Data extract
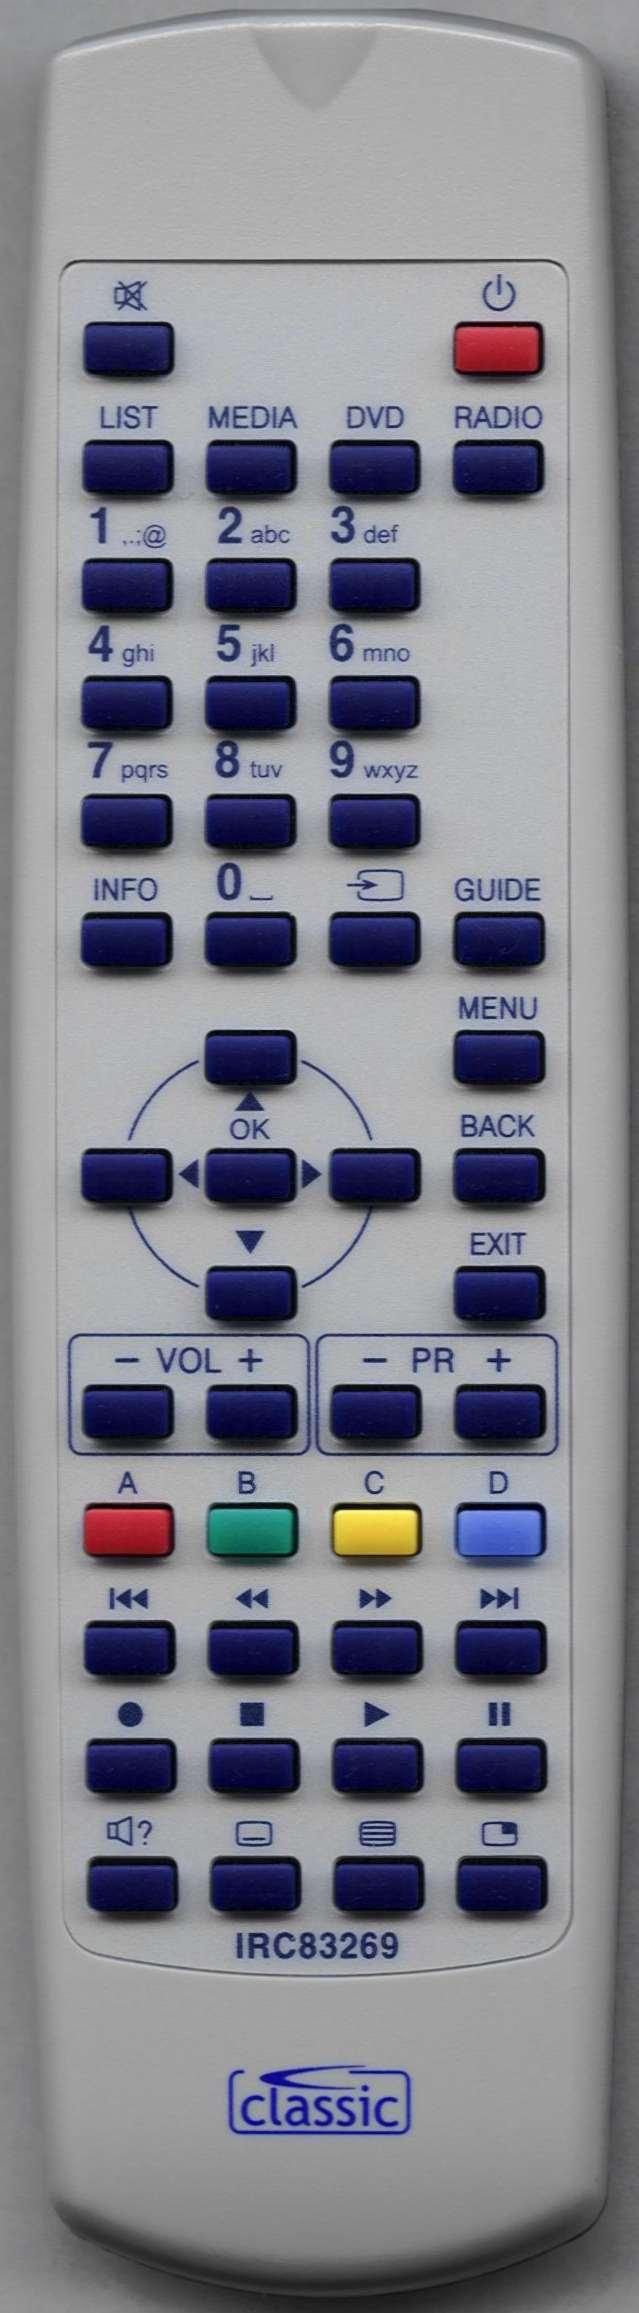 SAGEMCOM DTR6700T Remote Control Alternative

...

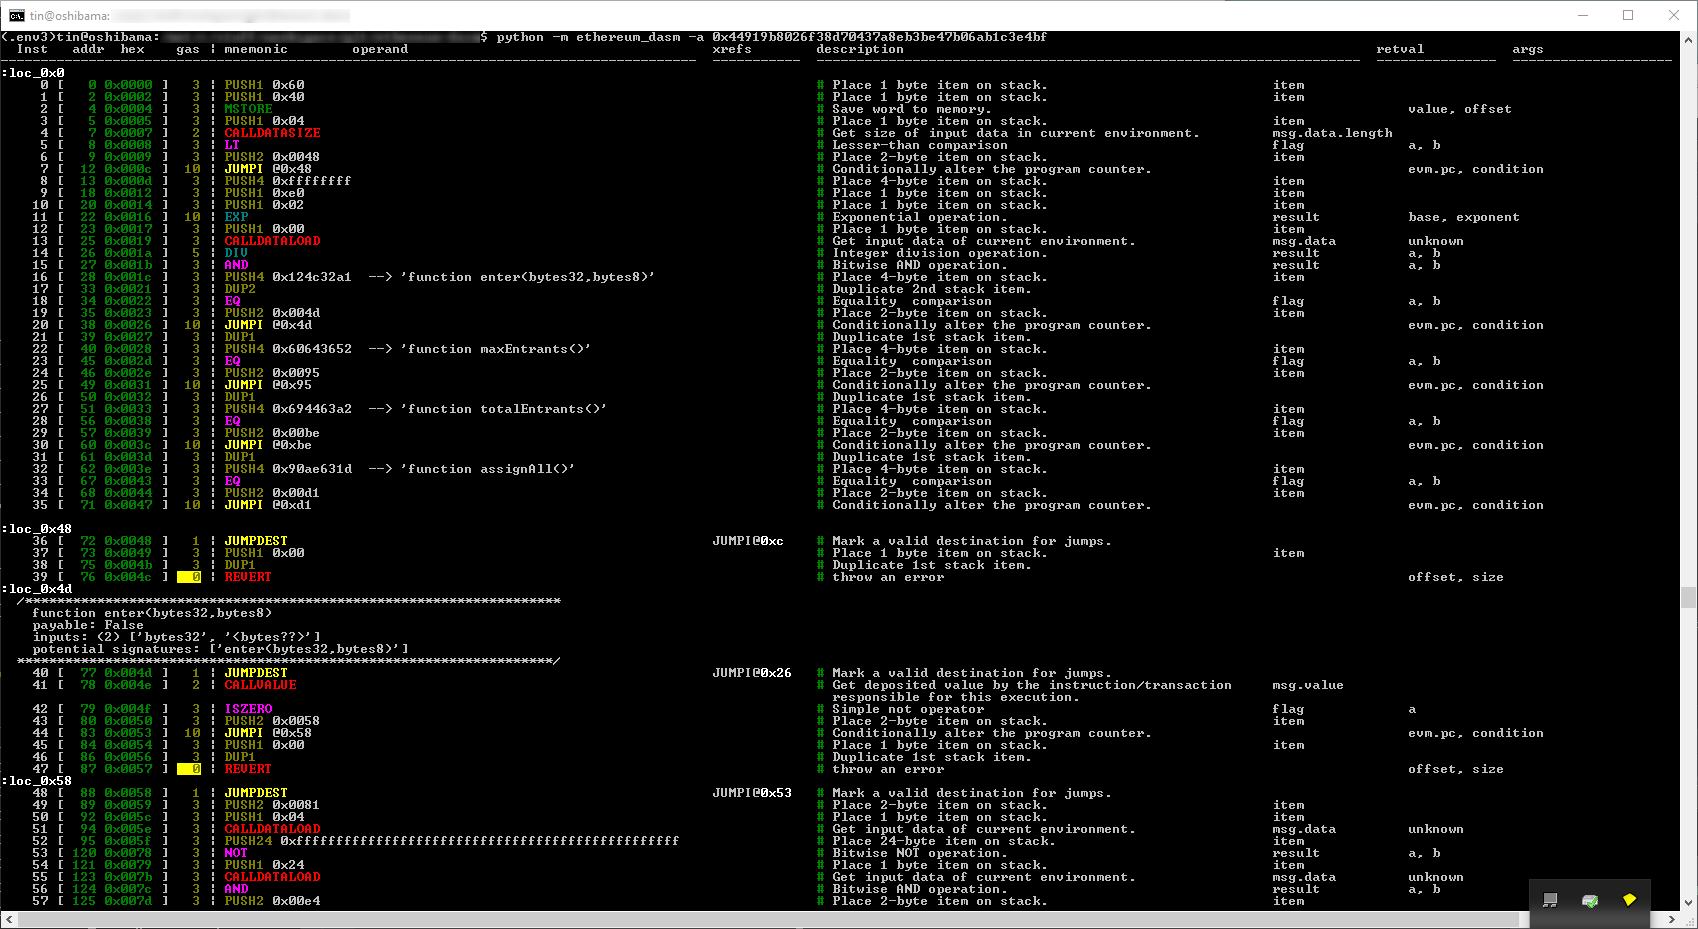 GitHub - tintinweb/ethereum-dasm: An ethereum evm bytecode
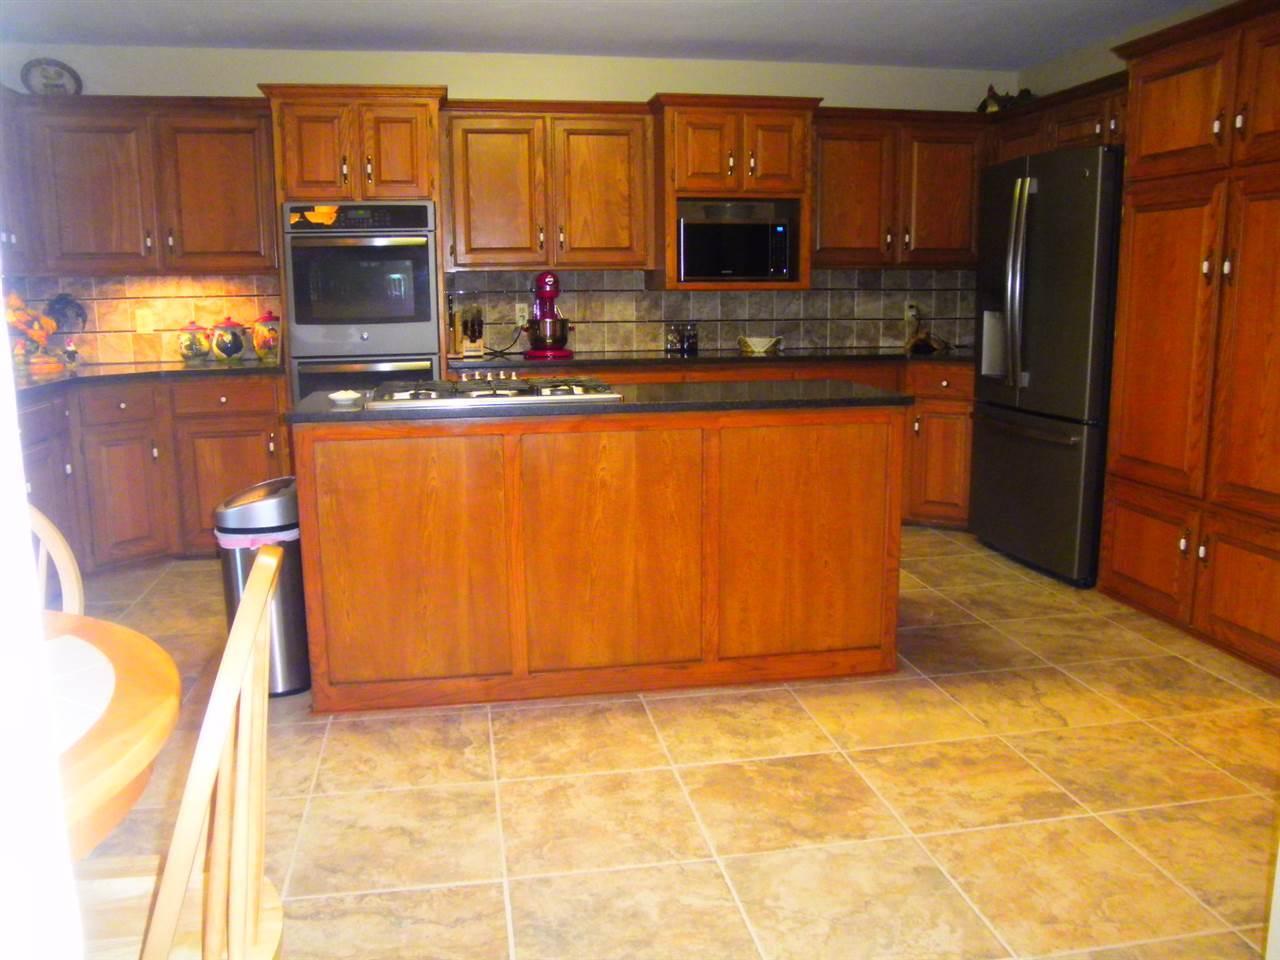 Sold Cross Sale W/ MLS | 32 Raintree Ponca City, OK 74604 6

Aim of the task
Between and including the line with "GitHub - tintinweb/ethereum-dasm: An" and the line with "Sold Cross Sale", repeat every line exactly as it appears above, with pictures left out.

Written response
 GitHub - tintinweb/ethereum-dasm: An ethereum evm bytecode
 Sold Cross Sale W/ MLS | 32 Raintree Ponca City, OK 74604 6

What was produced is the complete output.